● TASK DESCRIPTION:
Beneath this line are entries. Copy the range from the line with "La documentation relative" to the line with "sammlung von weihnachtskarten", ends included, exactly; leave pictures out.

TASK MATERIAL Block Start

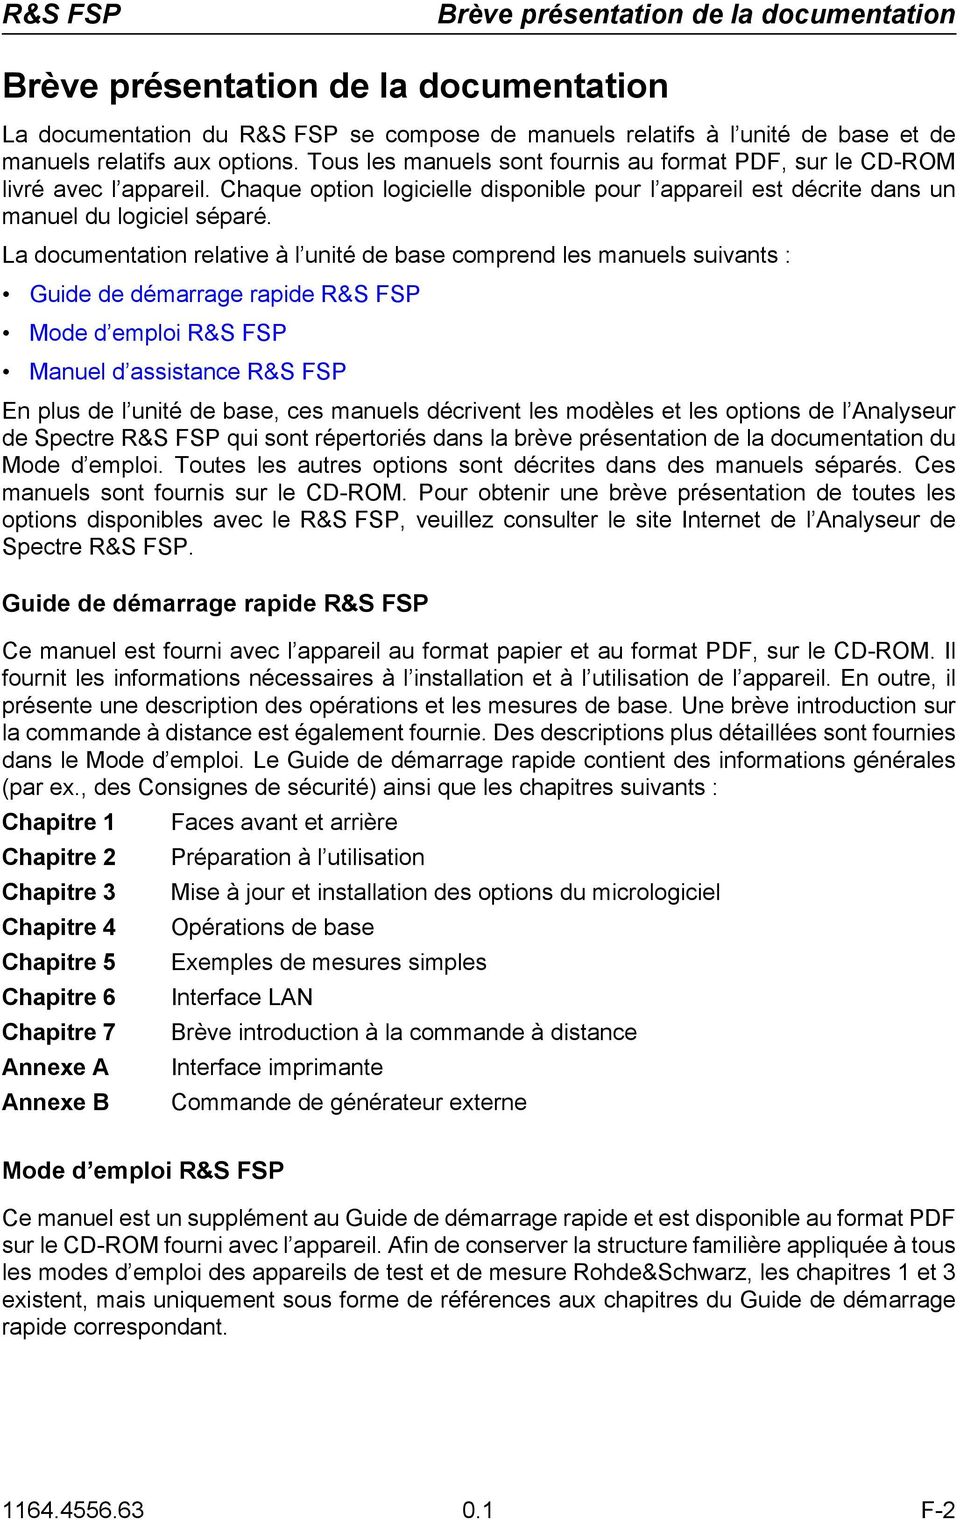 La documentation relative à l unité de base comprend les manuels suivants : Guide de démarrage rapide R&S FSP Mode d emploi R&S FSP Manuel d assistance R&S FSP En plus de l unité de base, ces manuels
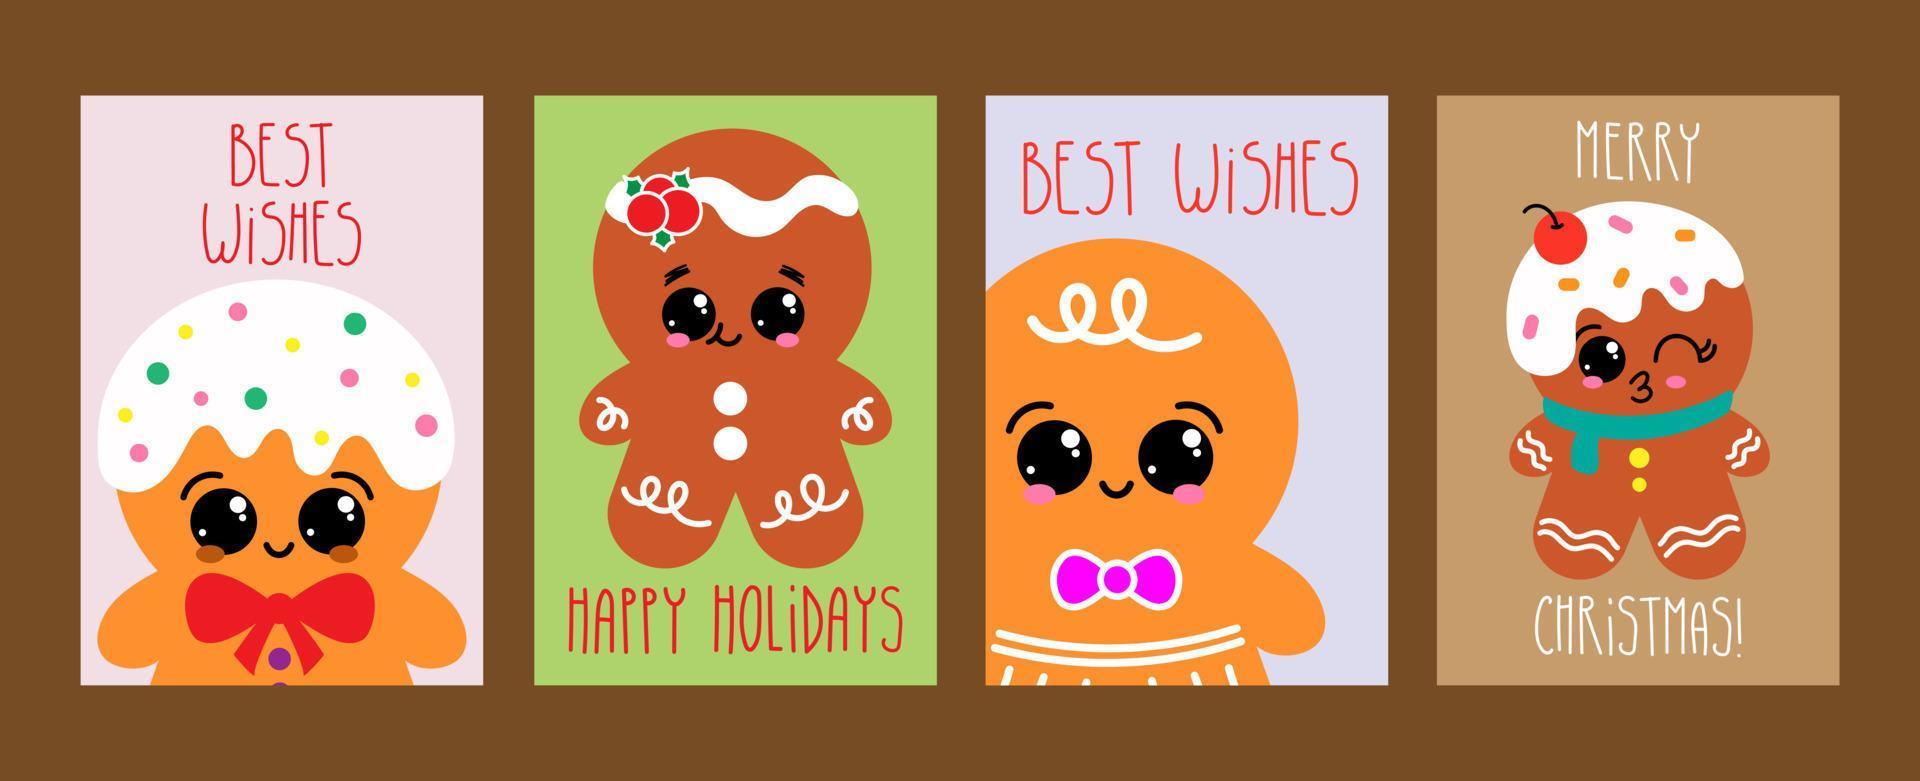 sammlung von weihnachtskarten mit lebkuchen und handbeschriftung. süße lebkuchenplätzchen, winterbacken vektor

TASK MATERIAL Block End
TASK MATERIAL Block Start

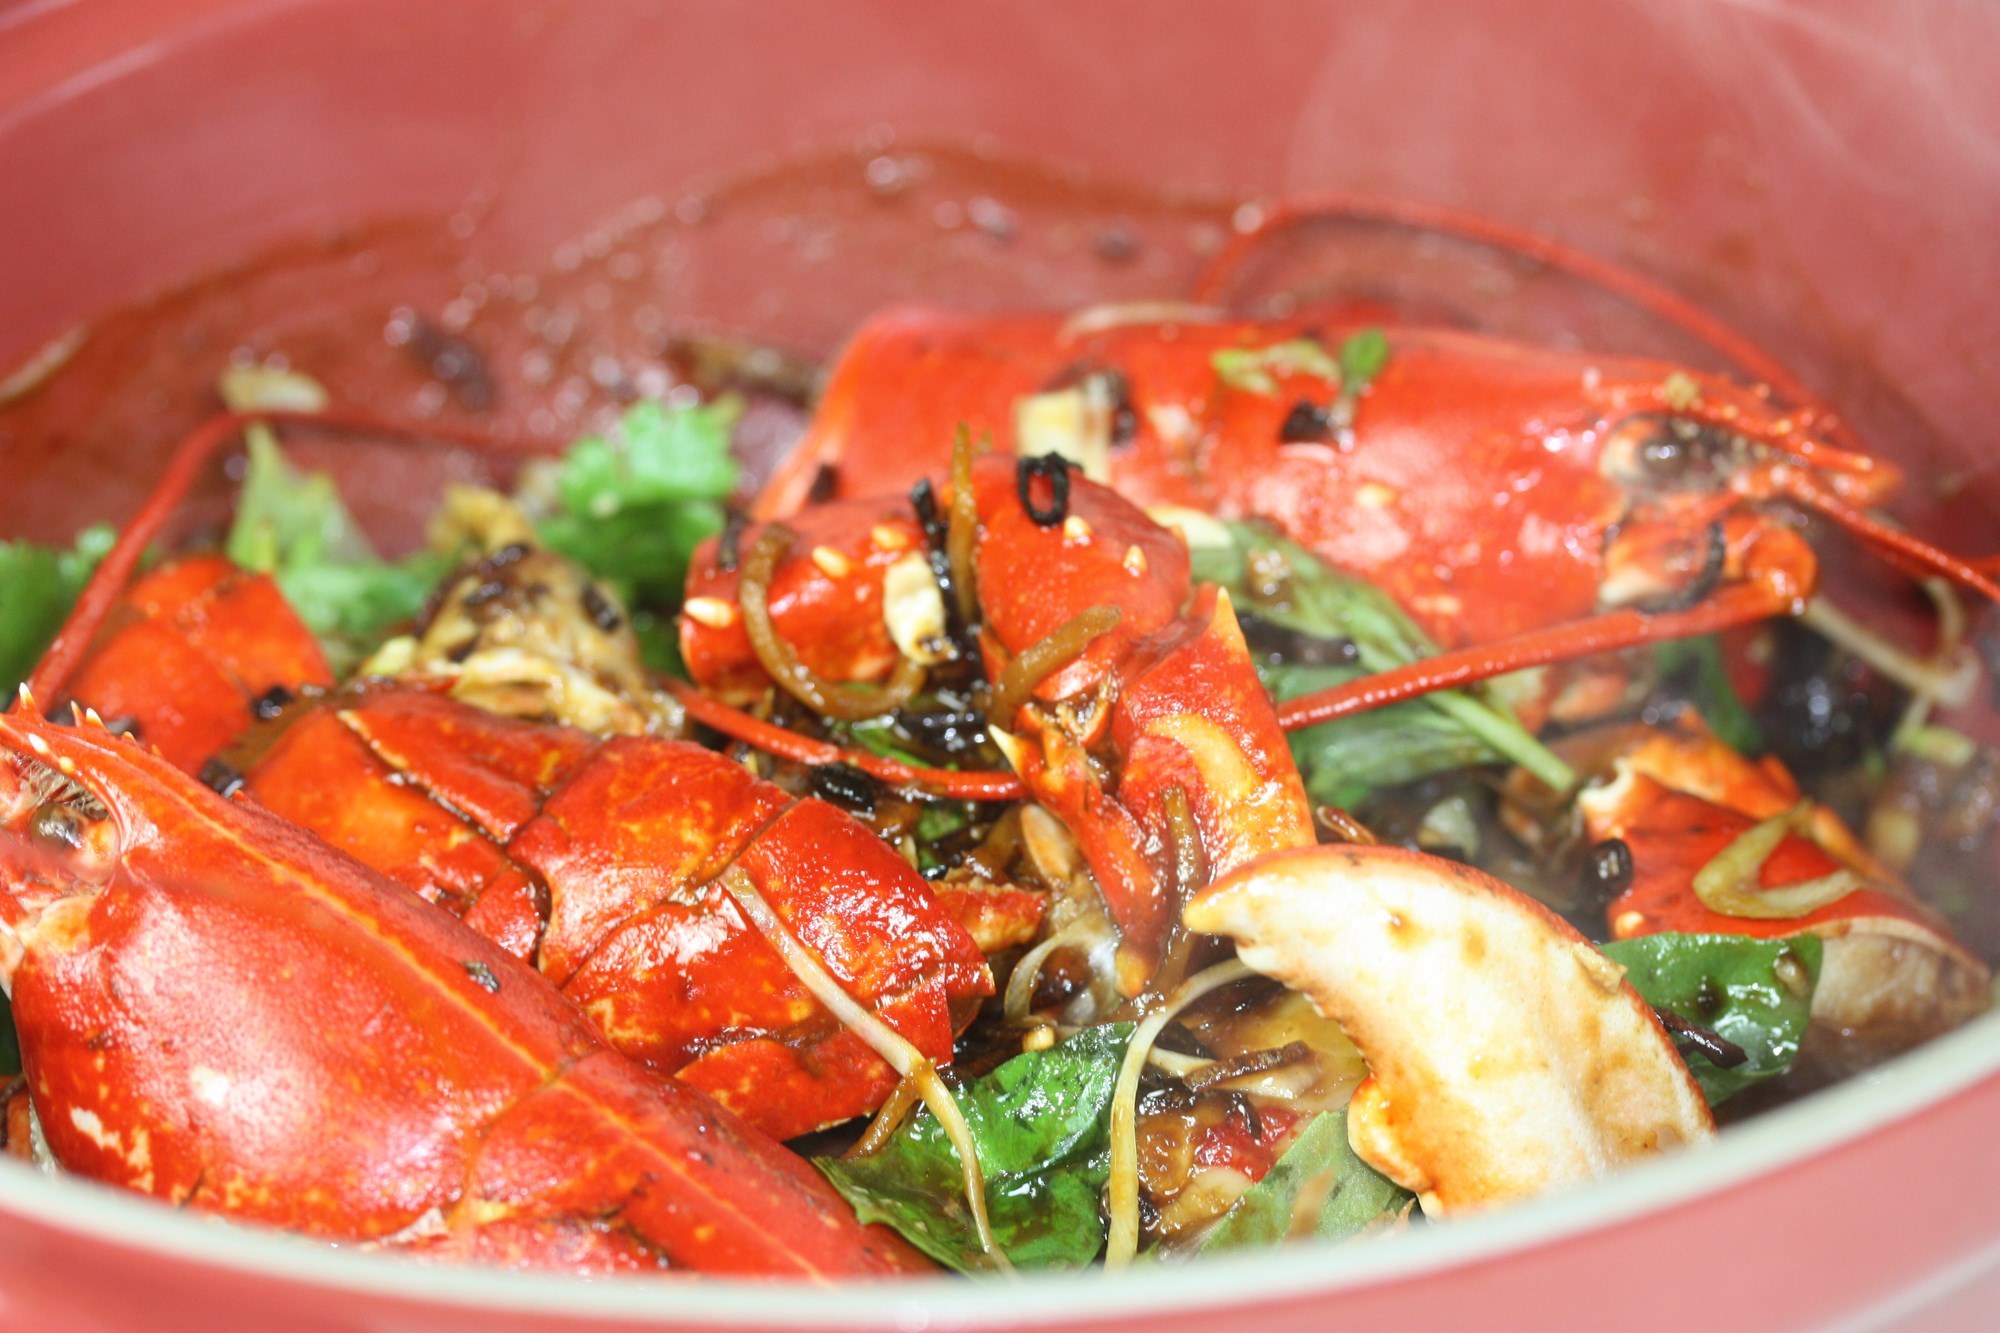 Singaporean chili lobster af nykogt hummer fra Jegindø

TASK MATERIAL Block End

● ANSWER TO THIS EXERCISE:
 La documentation relative à l unité de base comprend les manuels suivants : Guide de démarrage rapide R&S FSP Mode d emploi R&S FSP Manuel d assistance R&S FSP En plus de l unité de base, ces manuels
 sammlung von weihnachtskarten mit lebkuchen und handbeschriftung. süße lebkuchenplätzchen, winterbacken vektor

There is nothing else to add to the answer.